Forbarr up grading PEB to $1.25 forecast from $1.10. Why they are doing this right before a critical HY report is beyond me. They're either goung to be very right or very wrong very soon!
You been chucking them your spreadsheets then MAC??? :D
Ha, would be interested in a link if you have one actually.
Given Forbar have taken such a conservative approach thus far with PEB, we should be watching for a series of upgrades over the coming year or two, and they did pretty much tell us that within their report in their own way, but yes I agree there is a risk they might be embarrassed at some point through discounting valuations too much, Morningstar are possibly the best at embarrassing themselves in that way.
Downramp when not holding and ramp up when holding, isnt that how it works? Lol. Nah I want it to stay cheap so I can buy in cheaply.

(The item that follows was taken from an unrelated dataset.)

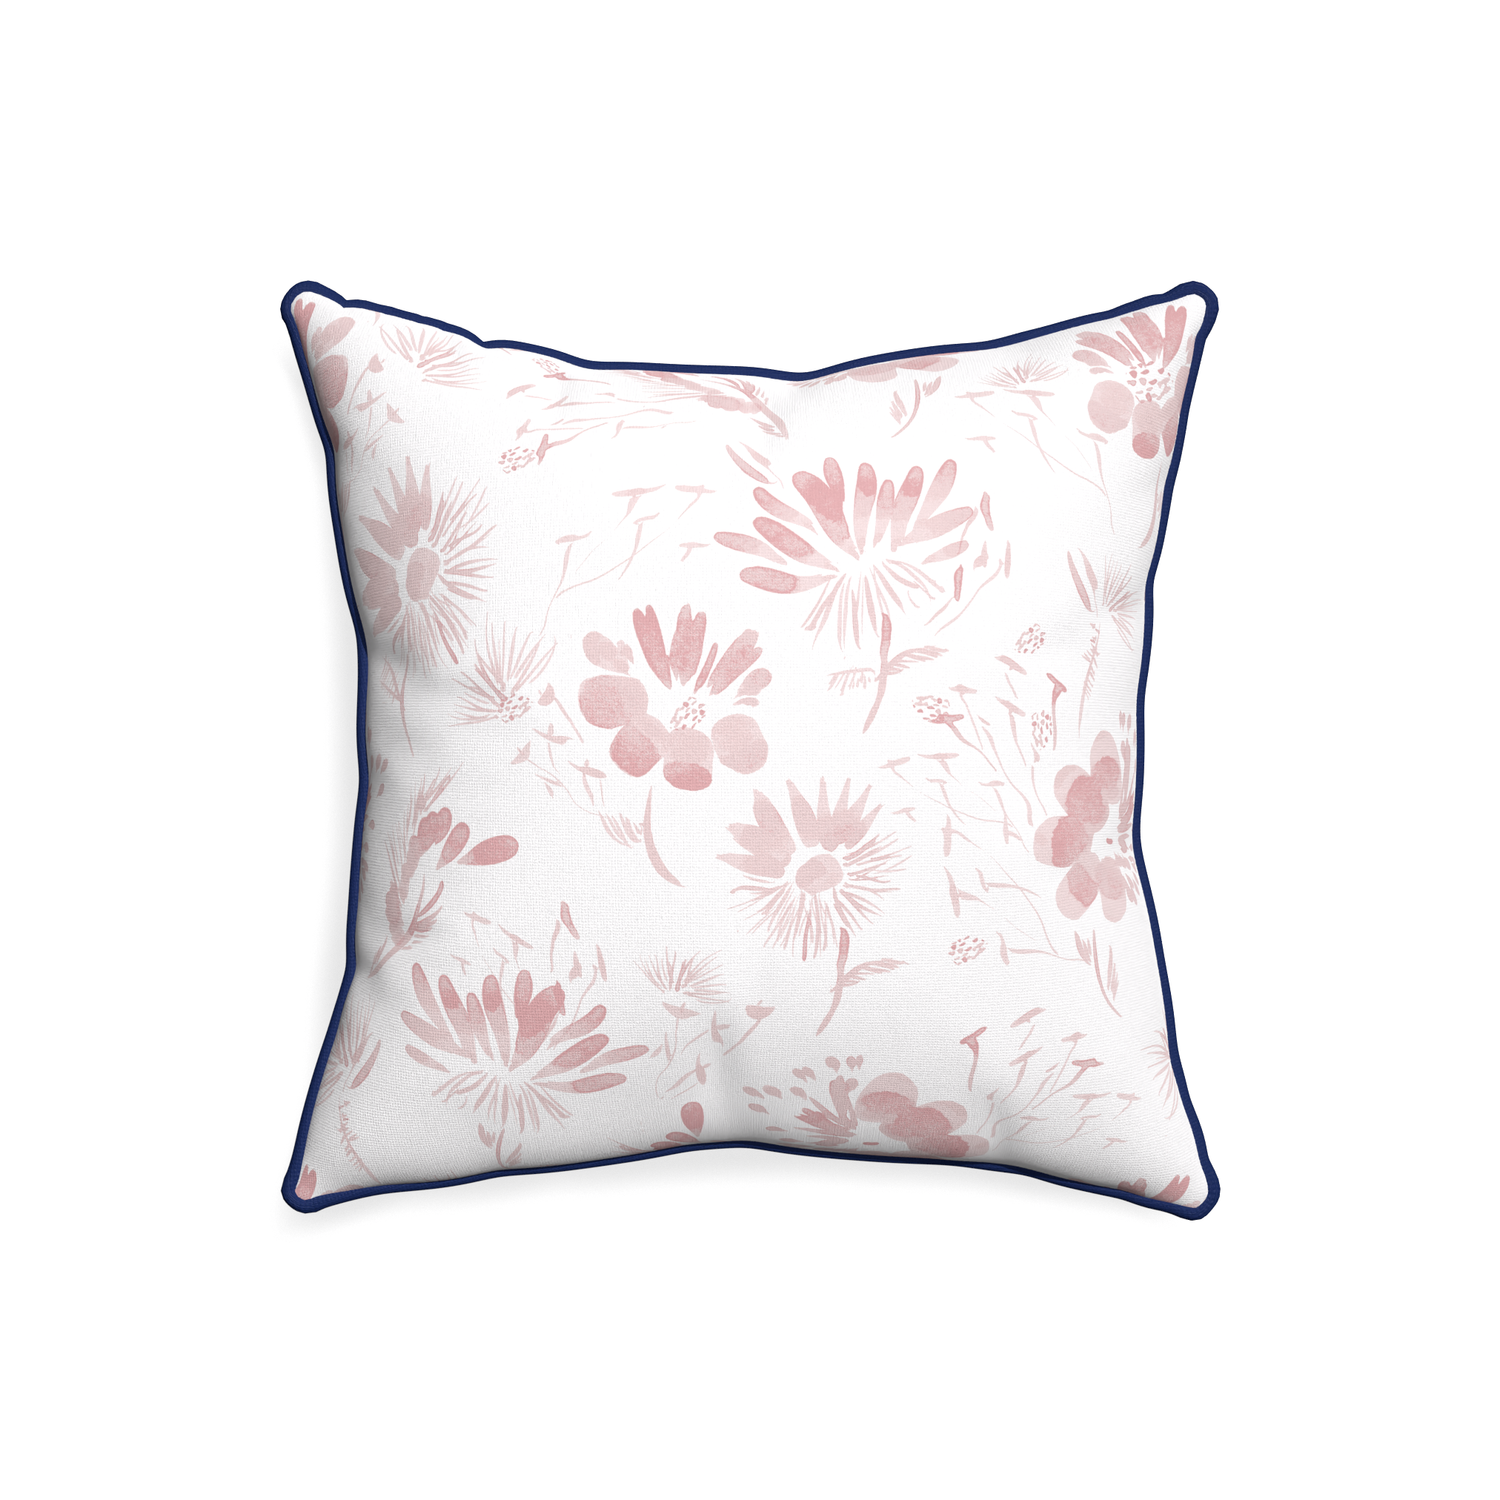 20-square blake custom pink floralpillow with midnight piping on white background

The only ramping in either direction tends to come from short termers, long termers just don’t care much for sentiment at all really, it’s research and valuation that matters in the long run.
There is plenty of room though within the sensitivity analysis, within the valuation range of the Edison report, $0.42 to $3.57, for a range of views.
However, when considering analysts valuations one must also consider the level of conservatism provided, Edison have this to say about that valuation range;
“We consider the chief variables are the level of market penetration that can be achieved, particularly in the US, and average pricing. Our base case is on the conservative side in both regards, therefore we expect significant upside potential on our forecasts if Pacific Edge’s performance exceeds our cautious expectations”
Forbar, and with no disrespect to Chelsea who has captured the essence and potential of Pacific Edge very well, tend also to be conservative.
They don’t cover a lot of pre-profitable stocks and they must feel a need to be very conservative in consideration of the interests of their cliental, many of whom do not have the time or FA ability to do their own analysis.
I forsee a lot of upgrades over the next one to two years as that conservatism relaxes. It may even be that Forbar intend to incrementally step-up the expectation of their cliental gradually rather than providing a valuation matched to the goals of Pacific Edge, perhaps that is even best as it assists in taking the volatility out, but for those who do their own work, the opportunity may be more apparent.